If you’re sighted and have ever been to an eye doctor, you’ve probably seen an Ishihara color blindness test—you know, the tests with the patterns of colored bubbles that contain a number in the middle:
People with normal vision should be able to see the number “5” in this image. On the other hand, if you’re like me and have mild red-green color blindness, it might just look like a jumble of red and orange dots with an indistinct smattering of green dots in the middle. Individuals who are red-green color blind have trouble distinguishing shades of red from shades of green. Less common is blue-yellow color blindness and least common is total color blindness. In the image above, most of the dots are shades of red, with the number 5 formed by dots that are shades of green. Since the red-green color blind have trouble telling these hues apart, they may find it difficult or impossible to make out the number 5.
K-means clustering is a machine learning technique used to separate data into distinct groups. Although I won’t go into the details of how the K-means clustering algorithm works, you can find plenty of resources online that explain it, and the first and second posts of this blog focus on animating the algorithm to give you an idea of how to visualize it.
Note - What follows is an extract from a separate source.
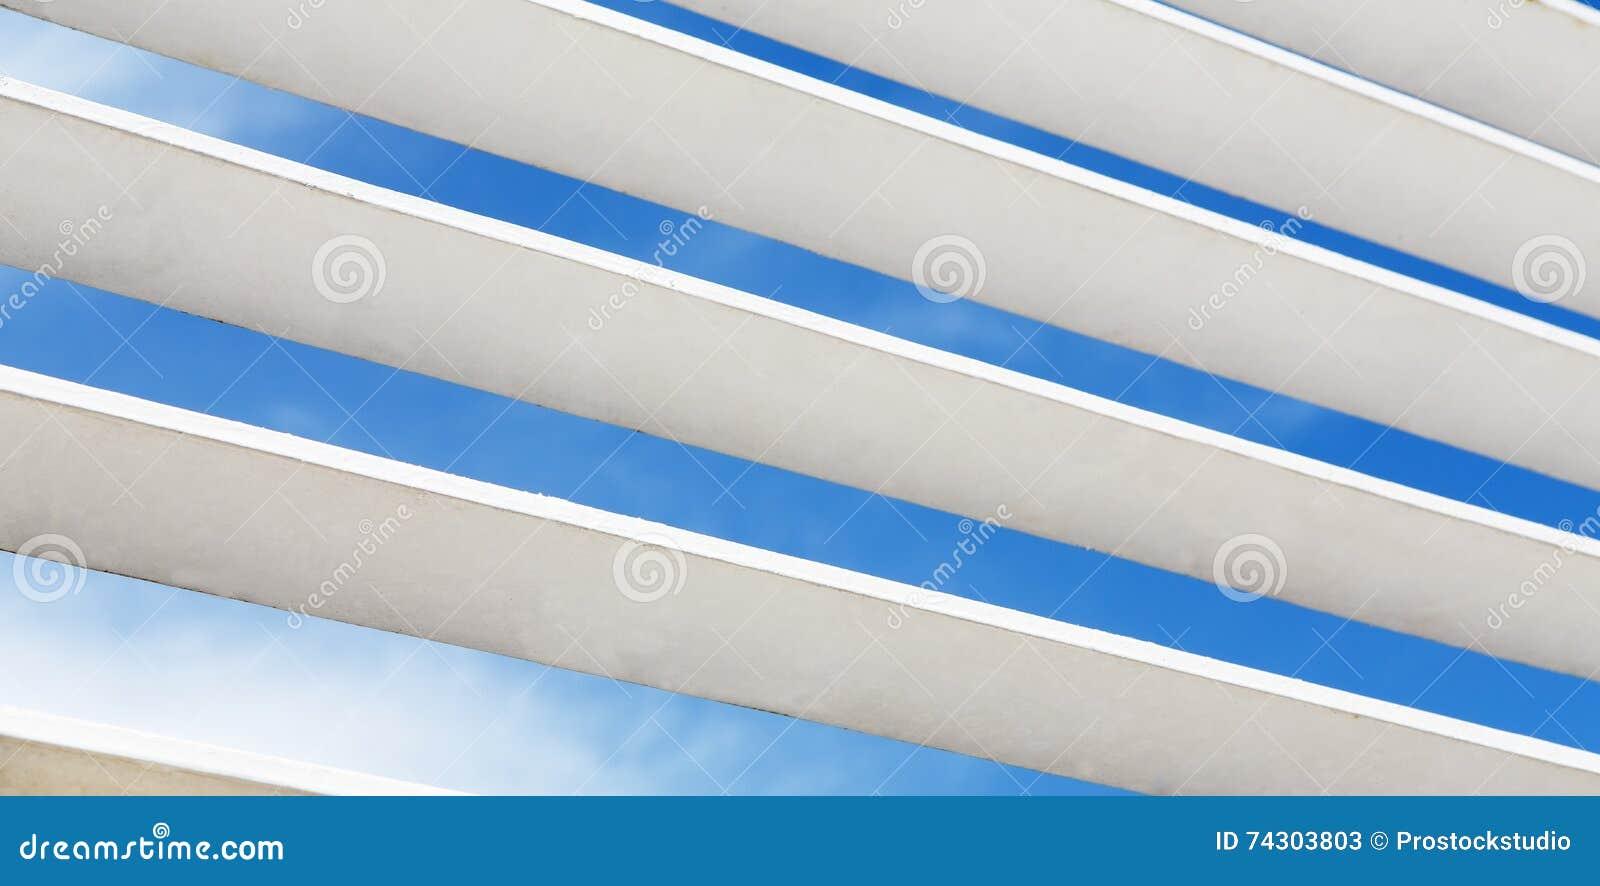 Άσπρο ξύλινο louver τεμάχιο παραθύρων με το ορατό εξωτερικό ουρανού
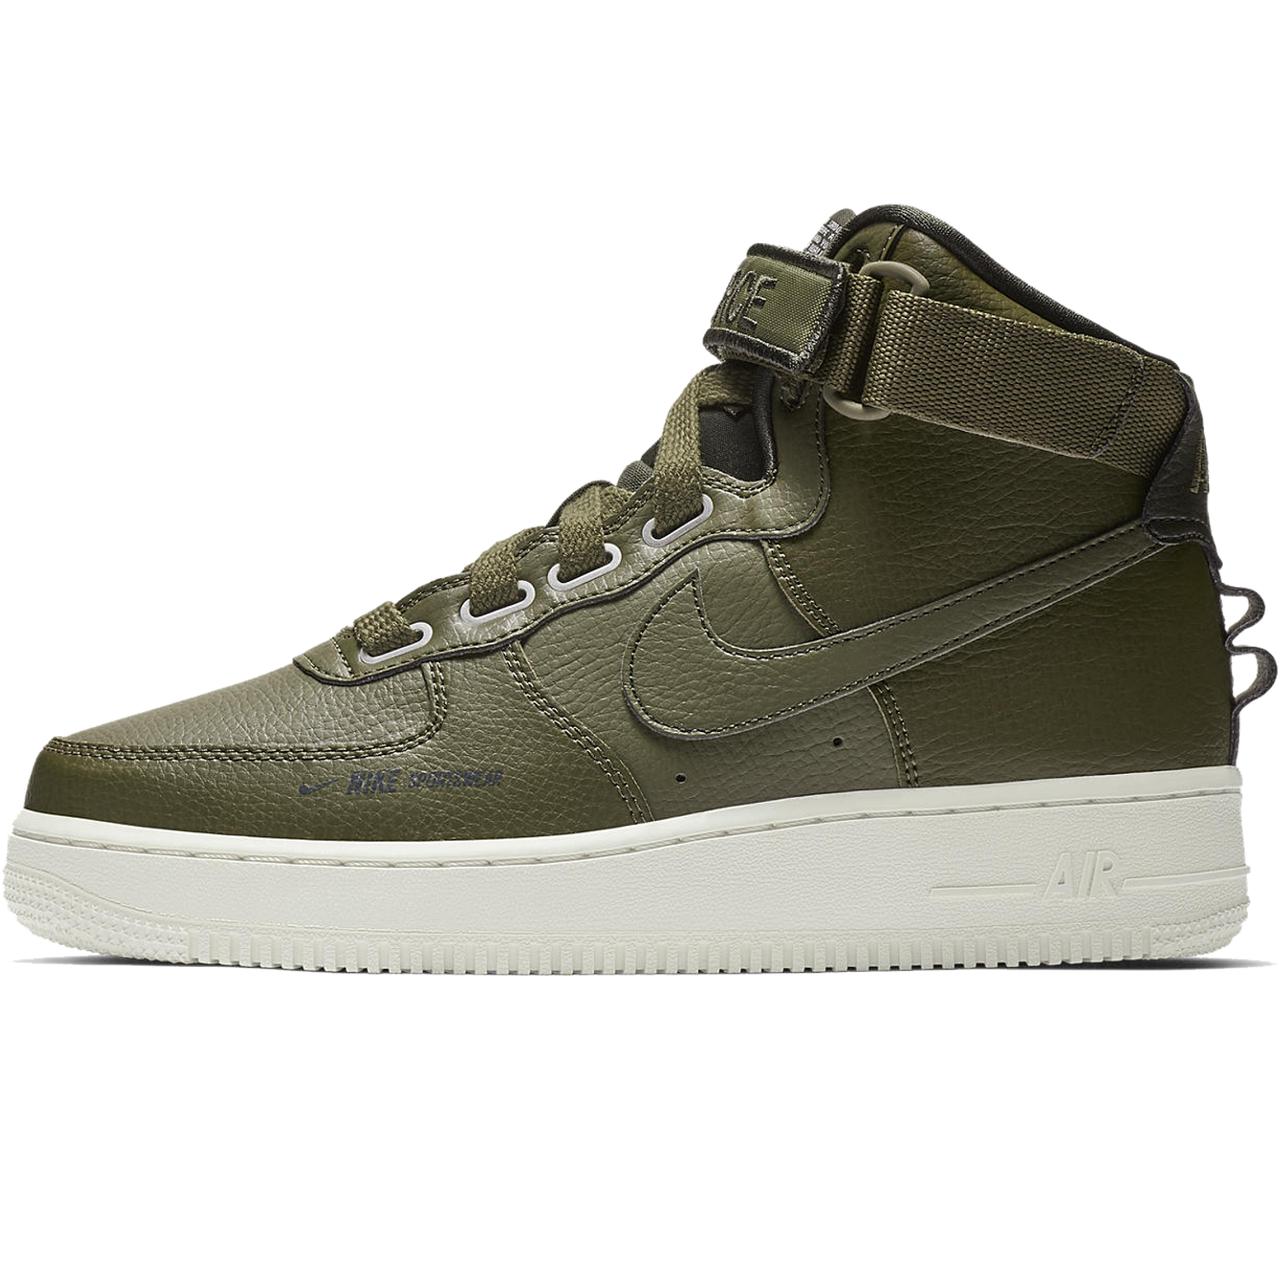 Оригинальные Женские Кроссовки Nike Air Force 1 Mid 07  — в ... eb684aeafb1

Image segmentation refers to splitting an image into different parts, depending on how we wish to analyze it. For example, if we were trying to track a ball in a video and wanted to isolate the ball, we might segment the image using edge detection to find round objects and filter out everything else. In this case, we’d like to group the pixels in images of color blindness tests such that the relevant parts of the image (the numbers) are in one cluster, and everything else is in some other cluster. We’re going to apply K-means clustering to separate the number in an Ishihara color blindness test from the background.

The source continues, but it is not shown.